The
Slip
by Michael Montlack
Is it possible
to have been
tattooed
by someone’s
soul?
Only with eyes closed
can I trace
outlines,
a slight raise
on my unmarked skin
(even in
creases: inner elbows,
between fingers
and toes).
The designs
always familiar
but too abstract
to identify.
I mean, can one
be widowed
by the living?
Carting the
blank stone
from days into
dreams
toward an open
grave
in my front and
back yards,
basement,
bathtub.
Ever eluded by
the body,
not the scent.
And if there is
someone else one day,
will he sense
this presence?
The fine slip
beneath
my rumpled
clothes.
The railing I
reach for
even on shallow
stairs.
Will you
be the mosquito
netting
draping my
honeymoon bed,
swaying almost
imperceptibly in the dark
but allowing in
breezes
that comb the
hairs on my arms,
legs, chest?
This Valentine's Day poetry selection, "The Slip" by Michael Montlack, is
the the title poem of "The Slip," published by Poets Wear Prada in 2009.
With pitch-perfect
pacing and an intimate colloquial voice, THE SLIP reads as engagingly
novelistic even as these memoiristic vignettes are untamed by wit and
scathing humor. Ouch. The poems are at once revealing yet winningly
imaginative as they reignite myth—there’s even a bisexual Orpheus here
who helps Montlack to rewrite the past while instructing, bruising, and
exposing suburbia’s lingering melancholy.

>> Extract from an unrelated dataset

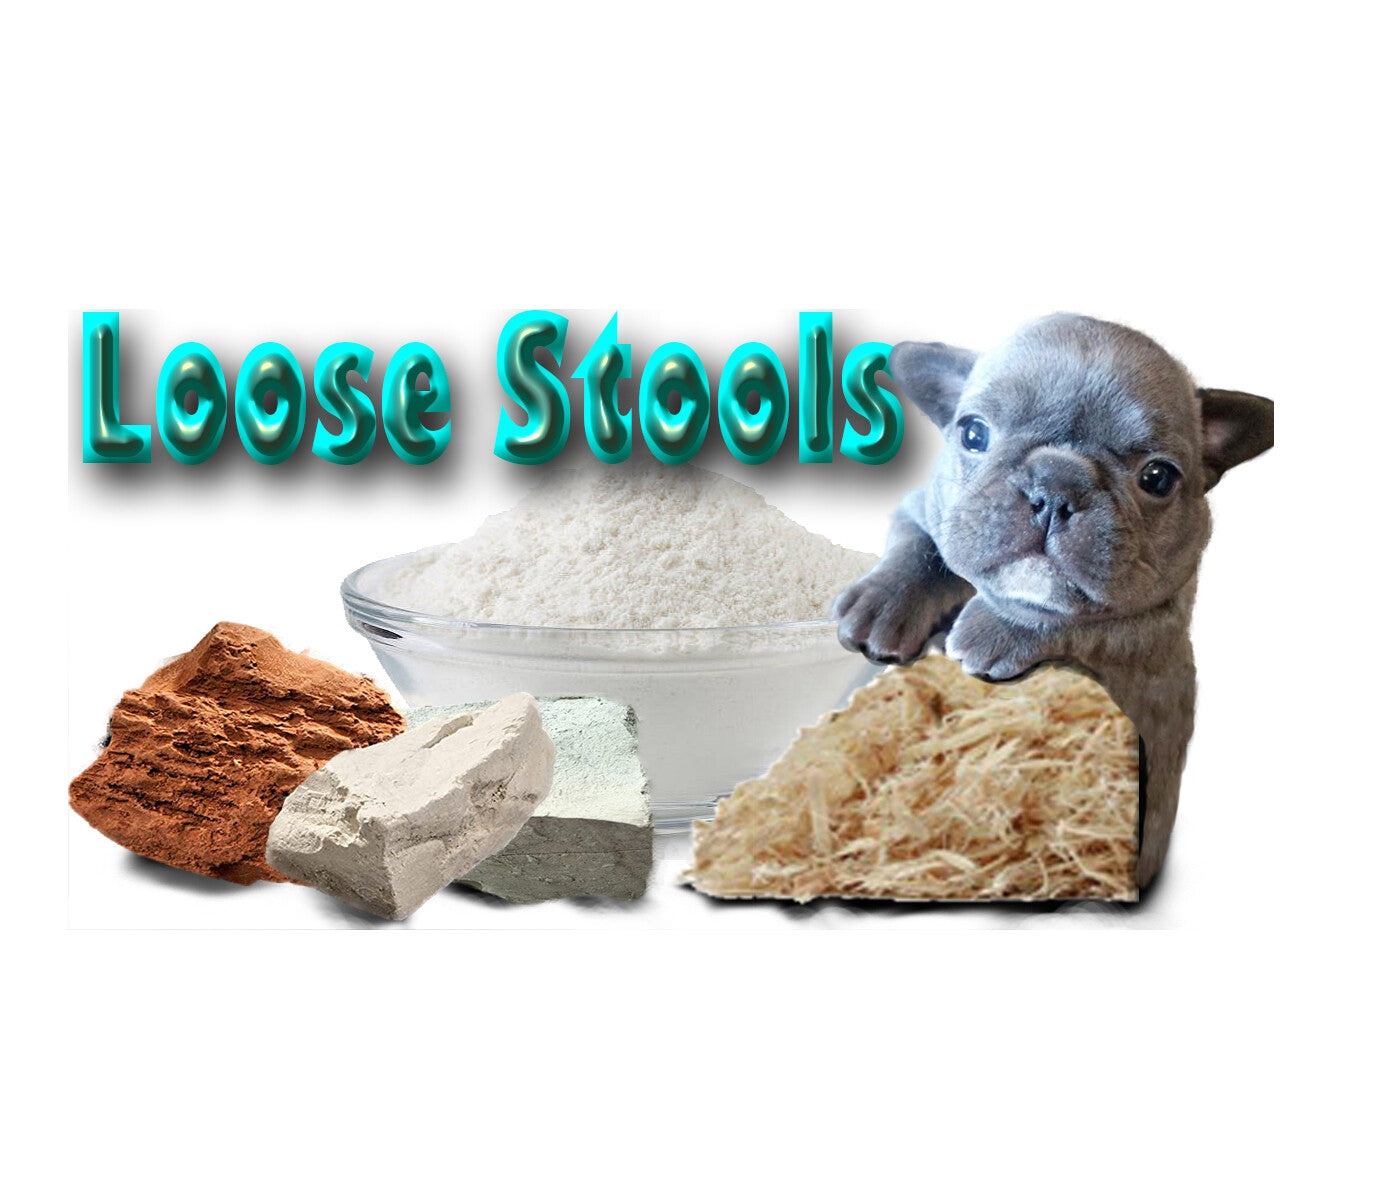 Loose Stool Mix

—Peter Covino, author of Cut Off the Ears of Winter, winner of PEN/America Osterweil Prize
The
many moods of THE SLIP, from fabulous to funny to frenetic, announce
the arrival of a promising new voice that can express, with consummate
sensitivity and verve, the sorrows and celebrations of our complicated
queerness. When Michael Montlack writes, he can make us sing or break
our hearts. Each poem is a veritable “kiss of the artist”—passionate and
memorable.
—Rigoberto González, author of Other Fugitives and Other Strangers
Michael
Montlack's THE SLIP situates us in the middle of a life, threading
together joys and sorrows. Some of the comic moments will truly make you
laugh out loud. And at times, you'll get horribly wistful. Such is the
richness of this collection.
—D. A. Powell, author of Chronic
Again, just a magnificent poem! I lover the line "Carting the blank stone from days into dreams." How many senses are engaged by this provocative line!